Banks call for rethink of global plans for capital 'floors'

By Huw Jones

LONDON (Reuters) - The world's top banks and other market participants want regulators to rethink plans that would set a new minimum level of capital requirements even when risks from high quality loans are low.

Core capital buffers held by banks are determined by assessing the likelihood of a loan defaulting, but regulators have questioned such "risk-weighting" calculations after finding wide variations in capital to cover similar loans.

This prompted the global Basel Committee of banking supervisors to propose a capital "floor", below which a bank cannot go, whatever these internal risk calculations say.

Four bank lobby groups said in a joint statement on Monday it was not clear that a new capital floor would meet the regulatory objective of greater simplicity and comparability.

There is a possibility that the plans could compromise the risk-sensitivity of the main capital framework, they said.

"A risk-sensitive framework is necessary to measure risk accurately and allocate capital accordingly.
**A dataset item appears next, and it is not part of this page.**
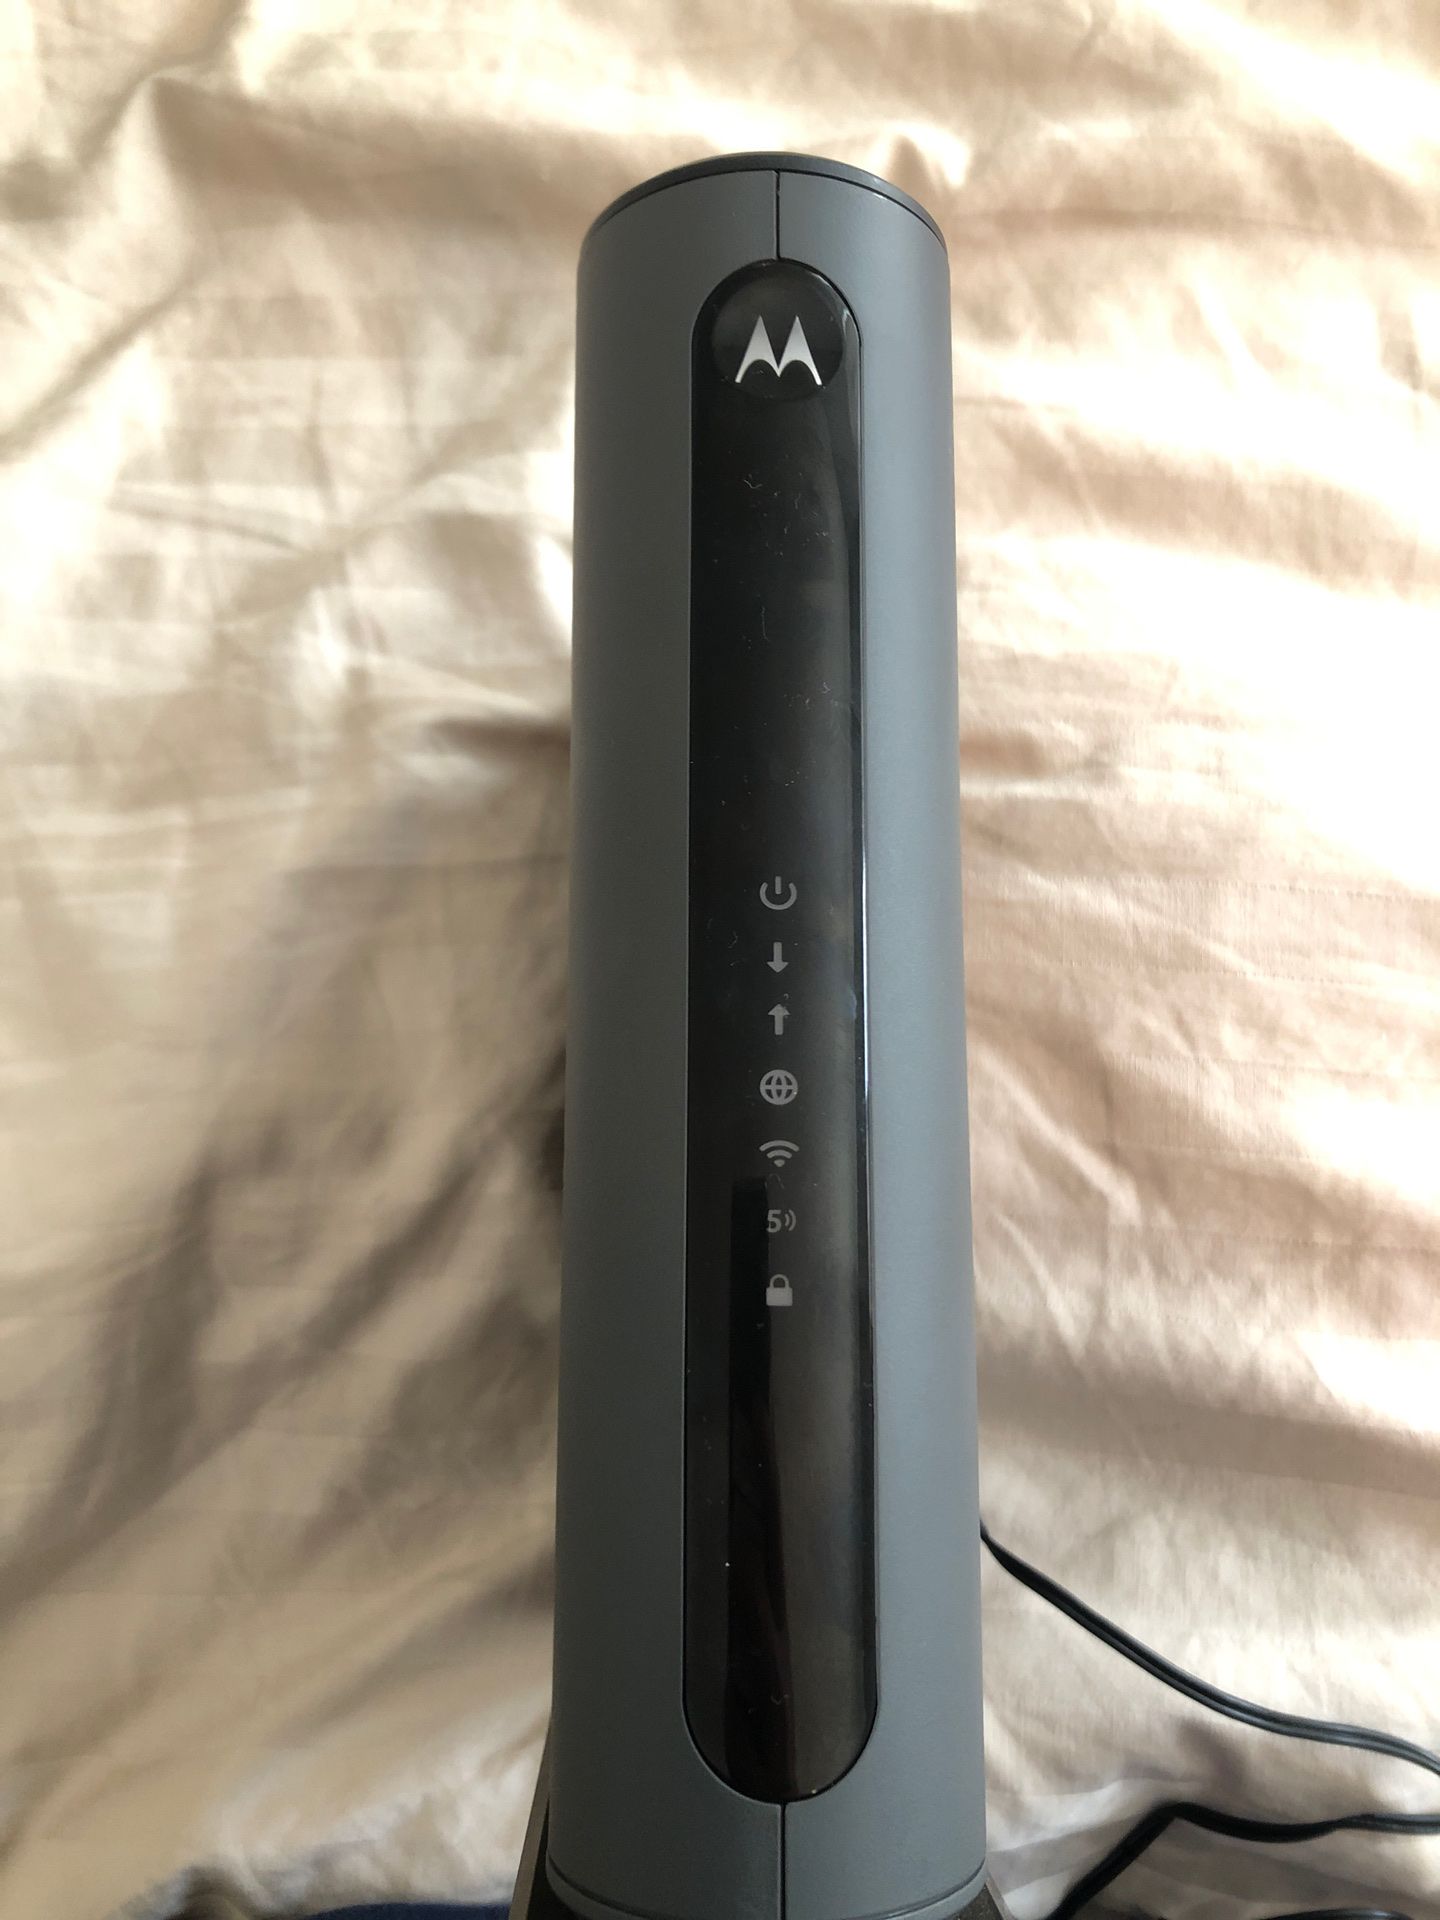 Motorola Cable Modem AC1900 Model: MG7550

On the contrary, a lack of risk-sensitivity distorts lending practices as it incentivises banks to engage in higher return, but riskier business," the statement said.

"Ultimately, the cost could be a significantly reduced capacity for banks and capital markets to facilitate investment in the real economy and support economic growth."

The banking associations said regulators should first complete their planned "stocktaking" of new regulations introduced and already planned by Basel on behalf of the Group of 20 economies (G20) since the 2007-09 financial crisis.

A fresh round of public consultations on the capital floor plans would then be welcomed, they added.

Bank of England governor Mark Carney, who heads the G20's Financial Stability Board, has said banks' warnings that tougher rules will crimp lending have largely proven hollow.

The joint submission to Basel was made by the Institute of International Finance, the Global Financial Markets Association, the International Swaps and Derivatives Association and the Commercial Real Estate Finance Council.

Scepticism among regulators about capital calculations have spurred regulators in Britain, Switzerland and the United States to put heavier emphasis on imposing leverage ratios, a broad measure of capital to non-risk weighted assets.

This in turn put pressure on Basel to consider floors.